**Work to be completed:**
Every line of the material below needs to be copied exactly; omit the pictures.

**Dataset section:**
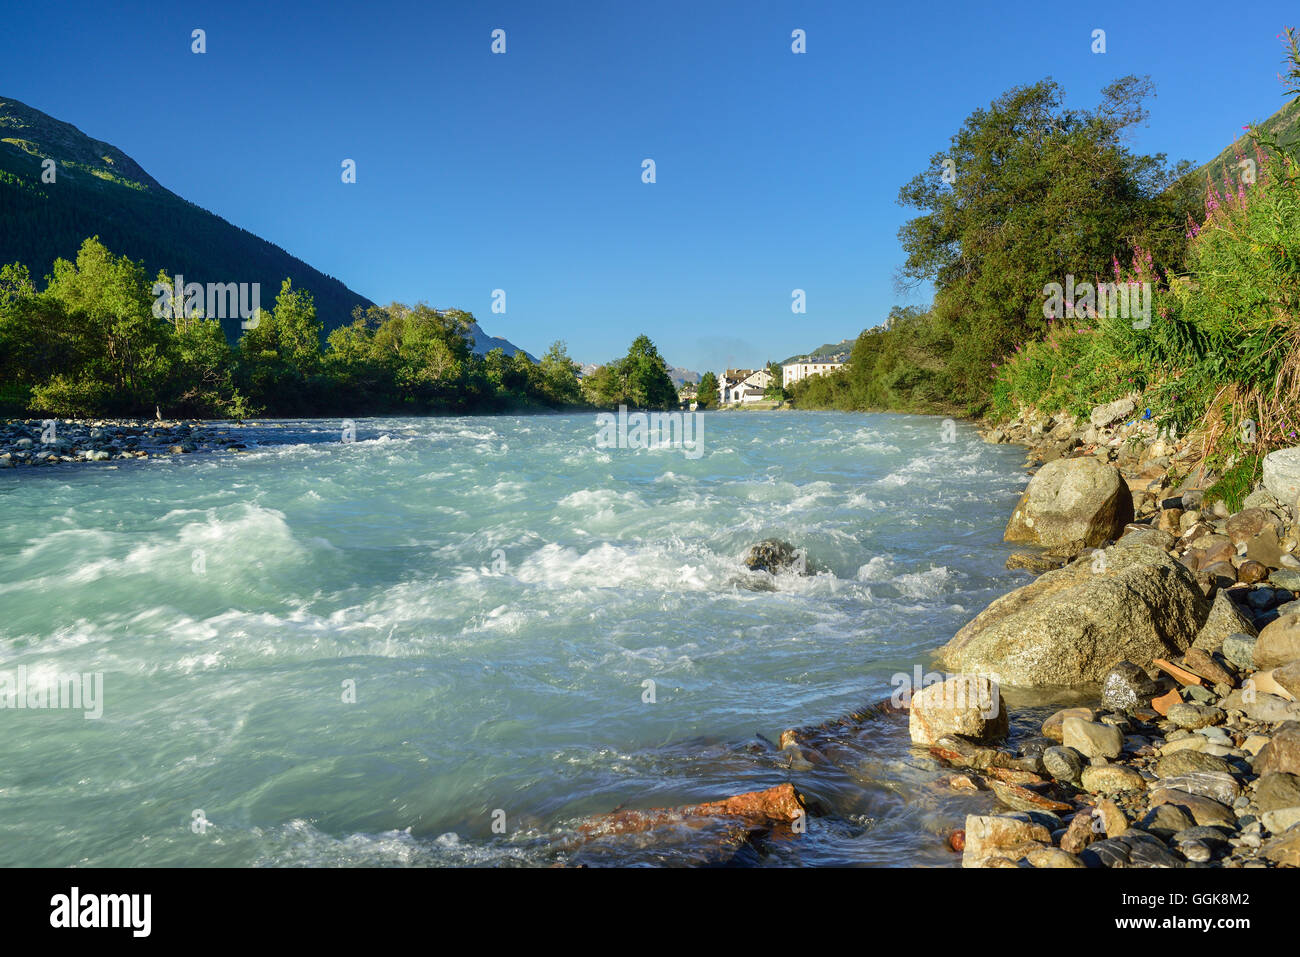 La rivière Inn, La Punt-Chamues-ch, Upper Engadine, Canton des Grisons, Suisse Banque D'Images
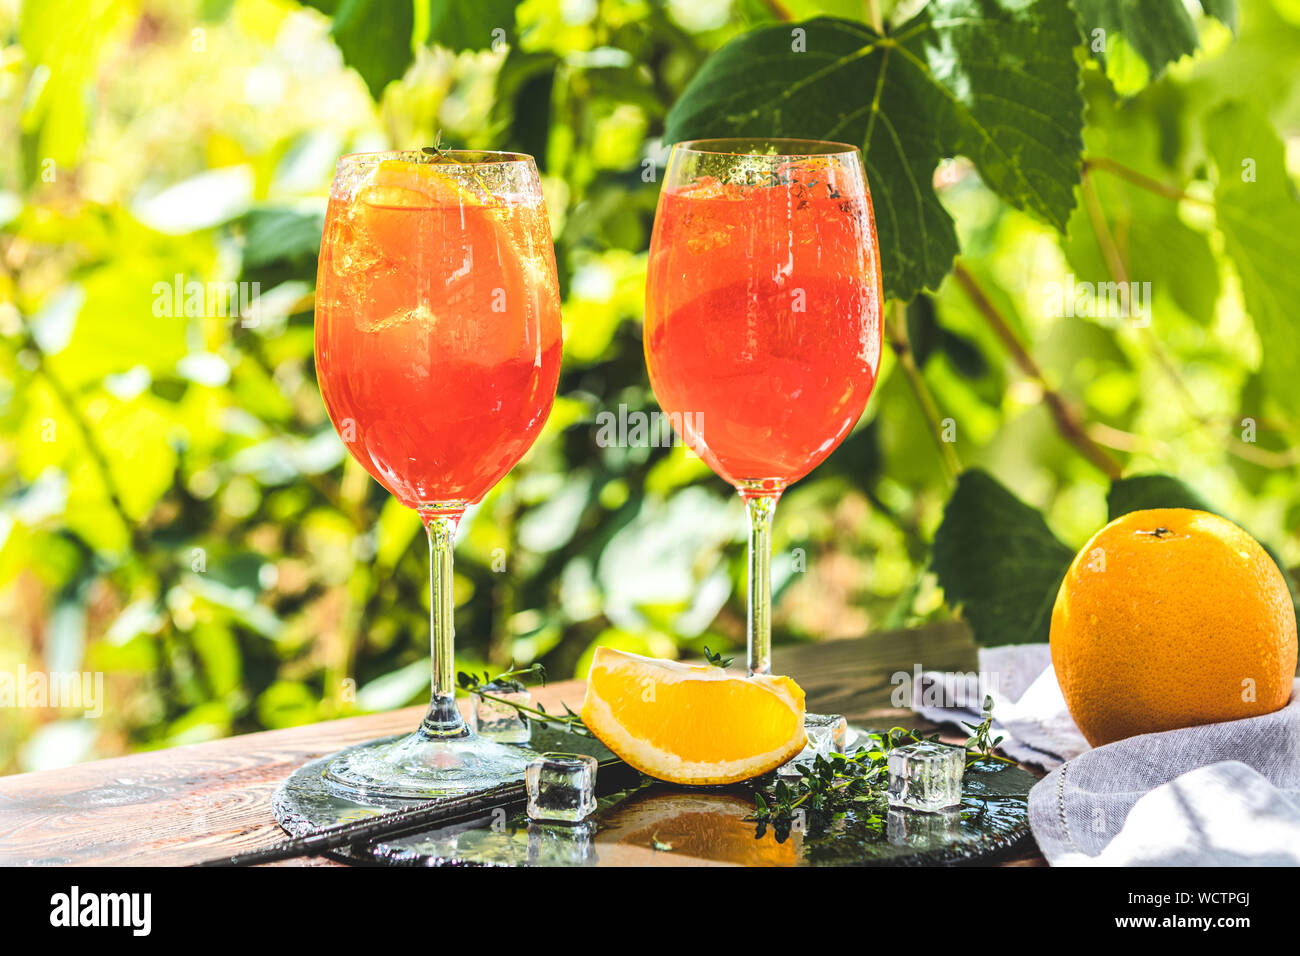 Zwei Aperol Spritz Cocktail in großen Wein Glas mit Orangen, Sommer  Italienisch frische Alkohol kaltes Getränk. Sonniger Garten mit Weinberg  Hintergrund, Sommer Stimmung Stockfotografie - Alamy
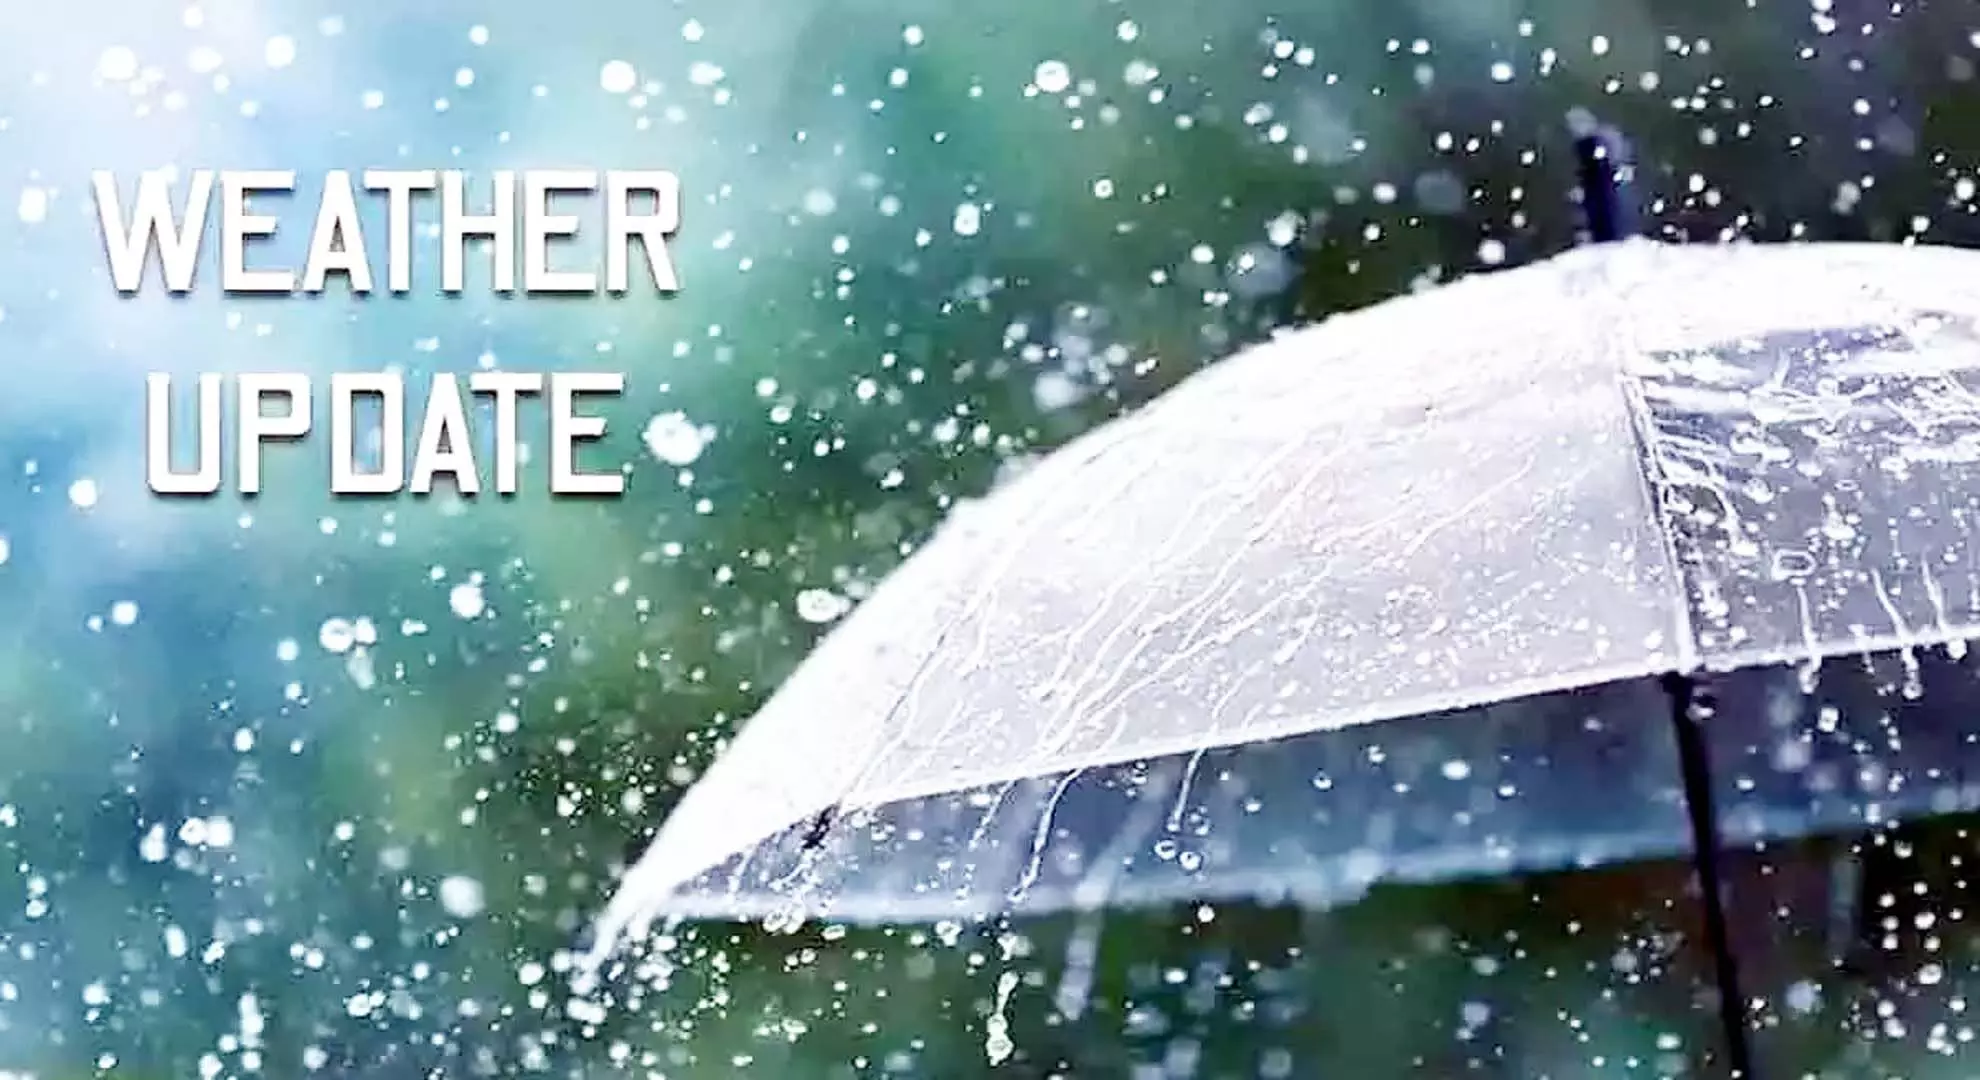 मौसम चेतावनी: आंध्र प्रदेश के कुछ हिस्सों में तापमान में गिरावट, हल्की बारिश की संभावना

**Expected output:**
 La rivière Inn, La Punt-Chamues-ch, Upper Engadine, Canton des Grisons, Suisse Banque D'Images
 Zwei Aperol Spritz Cocktail in großen Wein Glas mit Orangen, Sommer  Italienisch frische Alkohol kaltes Getränk. Sonniger Garten mit Weinberg  Hintergrund, Sommer Stimmung Stockfotografie - Alamy
 मौसम चेतावनी: आंध्र प्रदेश के कुछ हिस्सों में तापमान में गिरावट, हल्की बारिश की संभावना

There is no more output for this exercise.